Carlo Mammarella non è più il direttore sportivo della Ternana, che ieri ha annunciato di averlo sollevato dall’incarico dopo quanto prospettato alla presentazione di Diego Foresti. I rossoverdi hanno fin qui chiuso tre operazioni tra l’arrivo dell’attaccante Giuseppe Panico (28), in prestito dall’Avellino, e la cessione al Potenza del portiere Denis Franchi (23) e del difensore Giuseppe Loiacono (34). Le manovre non distraggono dalla semifinale di andata della Coppa Italia di C col Potenza, alle 18, al “Liberati”. Gli sforzi saranno massimi, anche perché la Ternana non scenderà poi in campo nel fine settimana, visto che salta la partita con il Rimini escluso la trasferta a Carpi ci sarà il 24 gennaio.

LIVERANI CARICA. C’è da dimenticare Ascoli, per la sconfitta dopo 4 turni positivi con 3 successi, e pensare solo al Potenza. Fabio Liverani non nasconde la voglia di rivalsa: «Nella stagione non ricordo una partita dove abbiamo fatto poco come ad Ascoli, ora abbiamo una competizione diversa che va gestita nei 180′ con identità e determinazione, sapendo che è la prima parte della semifinale. Chi c’è arrivato e non lotta per la prima posizione sa che è molto importante. Il Potenza non fa una trasferta classica, da lunedì è in ritiro a Roma».

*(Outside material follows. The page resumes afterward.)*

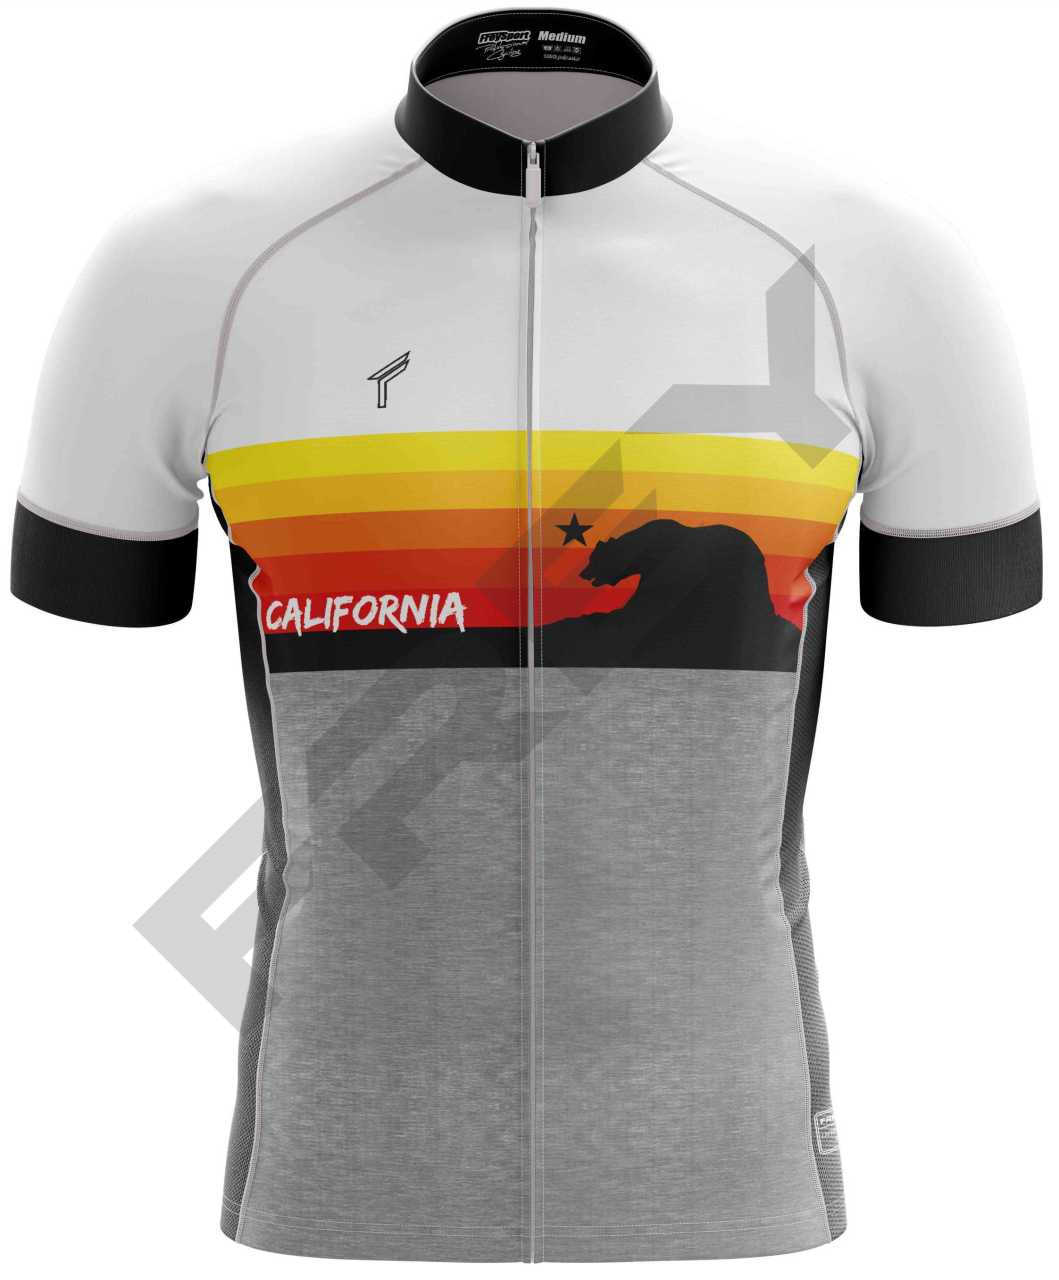 Freysport California Bisiklet Forması

COSA ASPETTARSI. Il tecnico rossoverdi sa cosa l’aspetta: «Affrontiamo un avversario che ha qualità, noi dovremo essere bravi a fare una prova di livello, determinazione e attenzione. Ho visto i ragazzi pronti, arrabbiati dopo Ascoli. Per fortuna si torna subito in campo. Sono convinto che faremo una partita da Ternana. Bisogna cercare di fare una gara cattiva, per vincerla. Non penso che si possa chiudere nei primi 90′. ». Prezzi popolari per attirare pubblico: «La gente ci è sempre stata vicina. Sarebbe bello entrare in campo e avere una cornice di pubblico che possa spingere i ragazzi. Per noi è una tappa importante».